Optimal positioning of wind farm locations is one of the most effective strategies to minimize potential harm to the ecosystem, especially to minimize the risk of collision with avian species. A key consideration for the optimal siting of offshore wind farms is identifying areas where migratory birds and bats frequently pass through and avoiding placement of the wind farms in those routes. In addition, thorough habitat impact assessments in advance are crucial to identify the impacts of wind farms on marine wildlife nesting sites, feeding grounds, and breeding areas. Under certain conditions, countries that operate their site investigation and allocation under a state-led system might have an advantage compared to countries that use a developer-led system. The primary reason is that a state-led system tends to adhere to more consistent and integrated procedures and standards, which could result in more thorough and careful risk assessments. Additionally, state authorities are likely to have better access to the necessary databases (regarding, for example, geological and environmental information) for conducting investigations. This approach may reduce variation in decision-making during the investigation and review process. However, if government authorities are understaffed or do not employ efficient procedures for site investigation, the state-led system will become a bottleneck. In such instances, developers with better equipment and more experience could perform more efficiently, thereby expediting the site identification and investigation process.

Non-price criteria are gaining momentum in European offshore wind auctions. Biodiversity conservation, and even more so, achieving a biodiversity net gain, which involves increasing the overall biodiversity value of development sites to ensure enhancement rather than depletion, is becoming a fundamental requirement for offshore wind development, particularly in northwest Europe including the Netherlands, Germany, and Denmark. The Dutch government has played a pioneering role in establishing environmentally oriented, non-price criteria for offshore wind tenders. These ecological criteria require developers to concentrate on minimizing the potential negative effects of offshore wind energy on the environment as much as possible. Developers must prove that they will implement measures to mitigate adverse ecological effects on local birds and marine mammals. Additionally, they must demonstrate efforts to bolster and restore underwater nature, marine ecosystems, and the diversity of native marine species. A further stipulation is the contribution to knowledge, research, and innovation aimed at lessening ecological detriments and augmenting positive impacts. These requirements have effectively encouraged offshore wind developers to invest in developing and applying innovative solutions that minimize the environmental footprint of their projects.
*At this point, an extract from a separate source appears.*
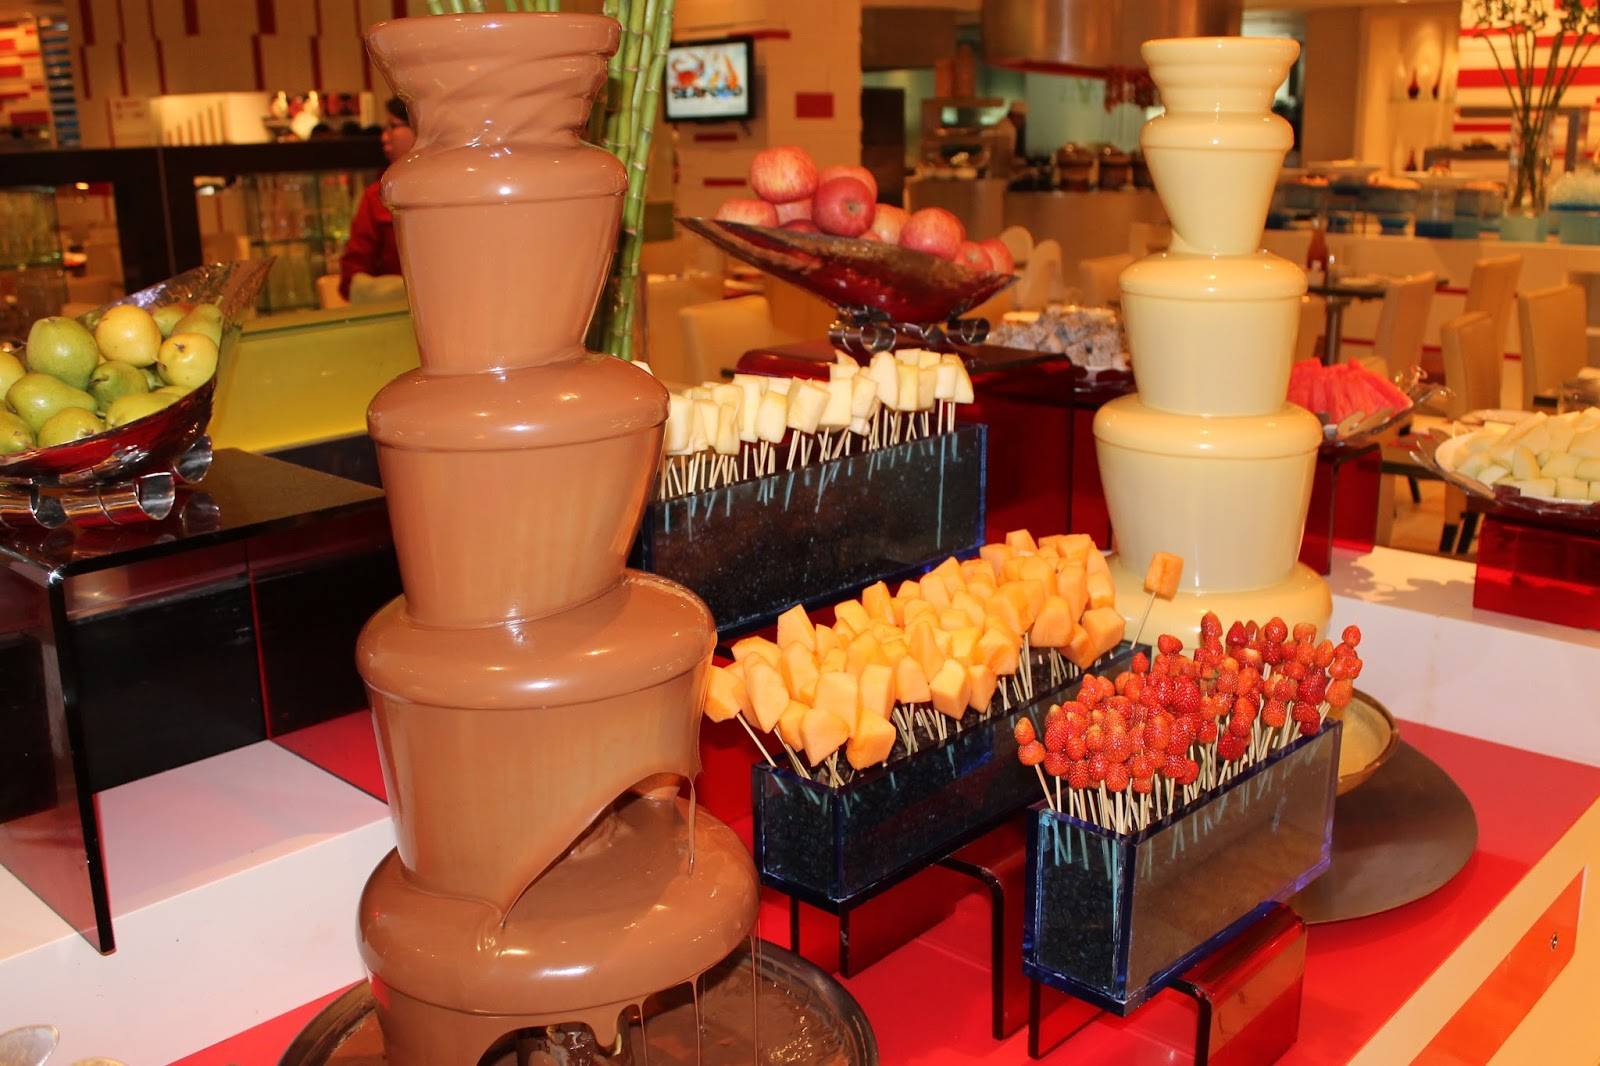 Отзывы о разных видах шоколадных фонтанов, принцип работы оборудования и популярные производители
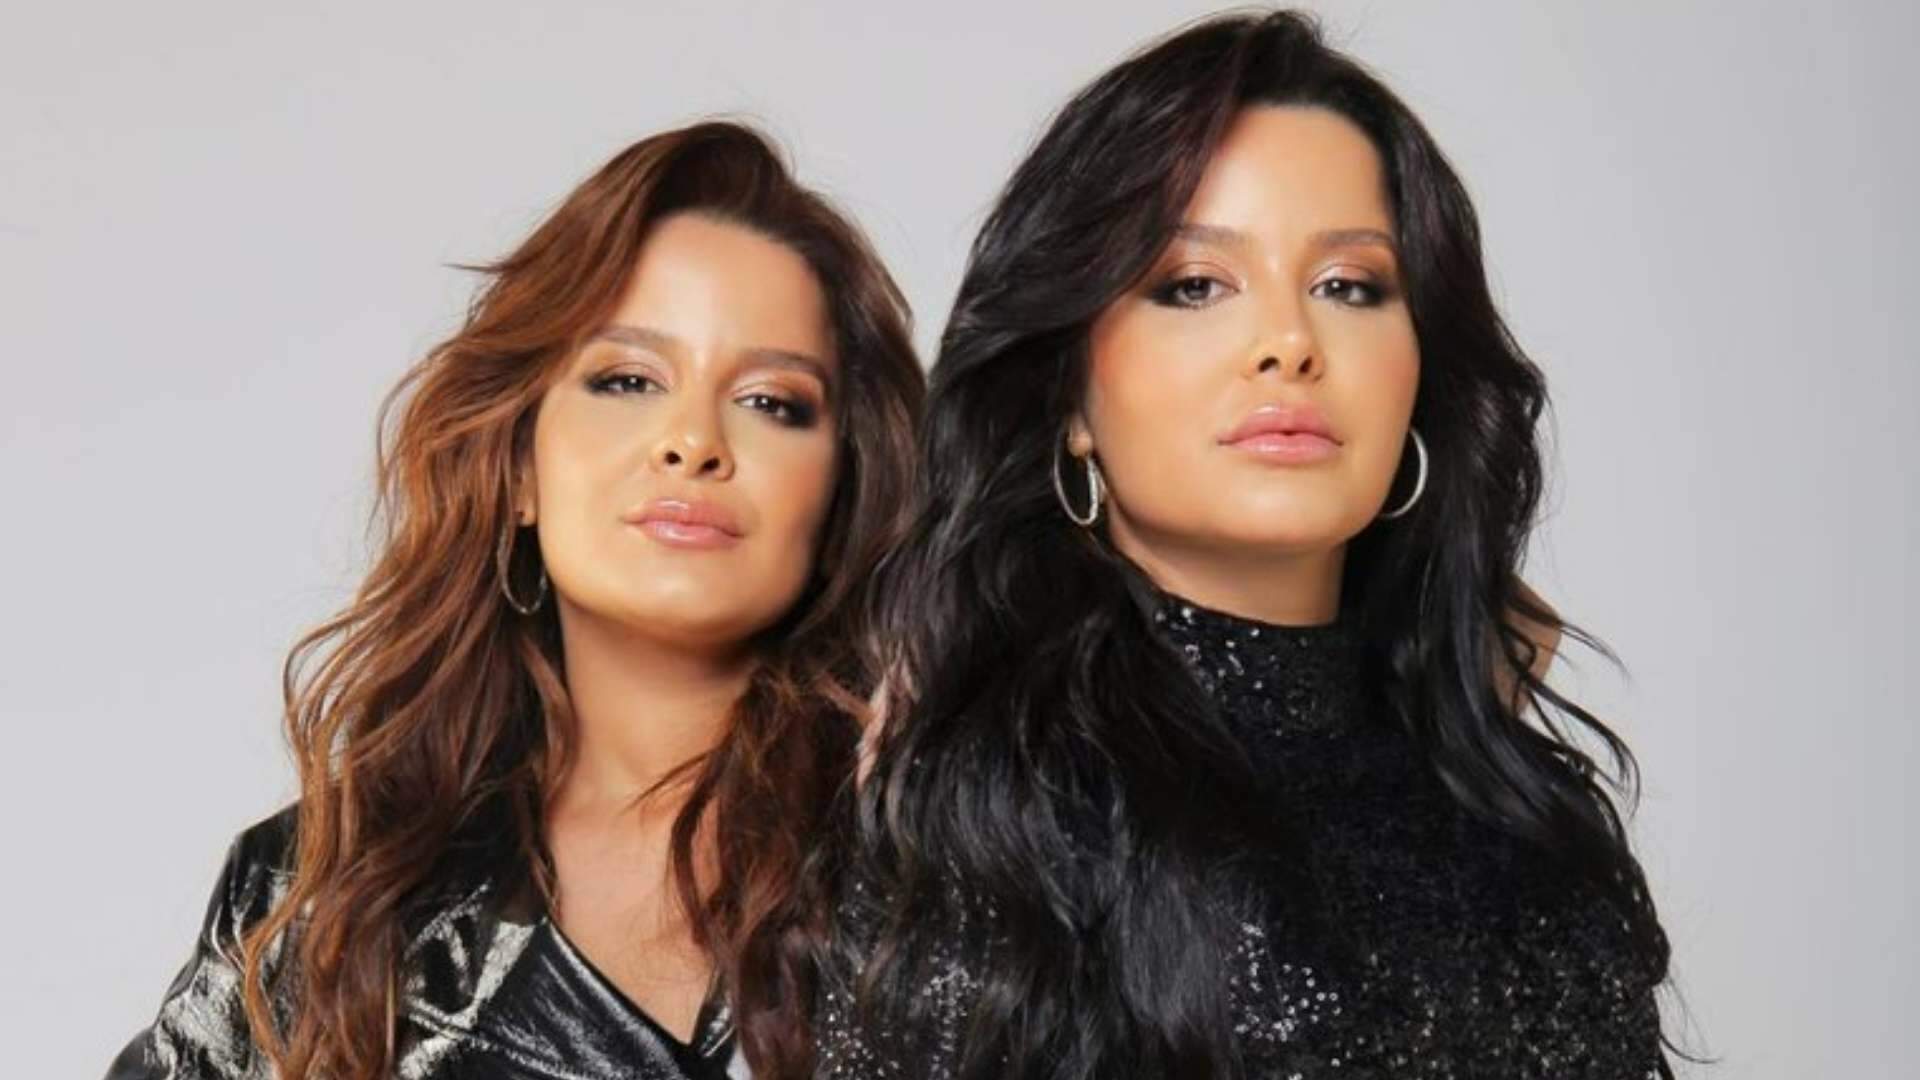 Maiara e Maraisa lançam parceria romântica com famoso cantor na semana do Dia dos Namorados

These initial measures are commendable and must advance swiftly to establish offshore wind development as a pioneering and sustainable energy production model for other industries to emulate.

Offshore wind energy is essential for tackling the climate crisis and protecting marine ecosystems from adverse global warming consequences, but careful planning and monitoring are needed to mitigate and minimize potential unwanted impacts to marine ecosystems. Like any human-made development, offshore wind farms can have both negative and positive effects on the ecosystem. The creation of a sustainable energy system requires the consideration of economic, social, and environmental factors. It is encouraging to observe that stakeholders in the offshore wind market are increasingly recognizing the significance of protecting marine ecosystems. This is primarily evident in the recent wind tenders in northwest Europe, which have incorporated non-price criteria, including the conservation of marine biodiversity. However, there is still substantial scope for enhancing our knowledge about offshore wind farms’ impacts and for developing methods to mitigate and minimize the unwanted effects.